Information analysis and can export the completed acquisition , The package is used openpyxl

from openpyxl import Workbook# Instantiation wb = Workbook()# Get current sheetsheet = wb.active# Set up the header header = [' Serial number ', ' Time of receipt ', ' Office of the text number ', ' Document title ', ' Number ', ' remarks ']sheet.append(header)

Inner parsing loop

At the end of the innermost loop parsing code below to add

row = [n, date, ' ', title, dfn, ' ']sheet.append(row)

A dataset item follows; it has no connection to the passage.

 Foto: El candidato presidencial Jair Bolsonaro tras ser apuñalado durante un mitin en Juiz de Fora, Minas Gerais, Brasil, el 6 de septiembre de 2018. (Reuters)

Finally, remember to save the thread

wb.save(r'C:\Users\20200420.xlsx')

Running time at 10 About minutes , Probably leave for a while on the implementation of the program ended

Finally, attach the complete code , The code is simple , The most important sort out ideas

from docx import Documentimport datetimefrom openpyxl import Workbookwb = Workbook()sheet = wb.activeheader = [' Serial number ', ' Time of receipt ', ' Office of the text number ', ' Document title ', ' Number ', ' remarks ']sheet.append(header)path = r'C:\Users\word.docx'document = Document(path)tables = document.tablesn = 0for j in range(len(tables)):    for i in range(0, len(tables[j].rows)+1, 3):        try:            # date             date = tables[j].cell(i, 1).text            if '/' in date:                date = datetime.datetime.strptime(date, '%d/%m').strftime('2020-%m-%d')            else:                date = '-'            # title             title = tables[j].cell(i + 1, 1).text.strip()            # Number             dfn = tables[j].cell(i, 3).text.strip()            n += 1            print(n, date, title, dfn)            row = [n, date, ' ', title, dfn, ' ']            sheet.append(row)        except Exception as error:            # Capture exception , It can also be used. log Written log for easy viewing and management             print(error)            continuewb.save(r'C:\Users\20200420.xlsx')

That's all Python Office automation Word turn Excel Details of document batch processing , More about Python Office automation Word turn Excel Please pay attention to other relevant articles of software development network ！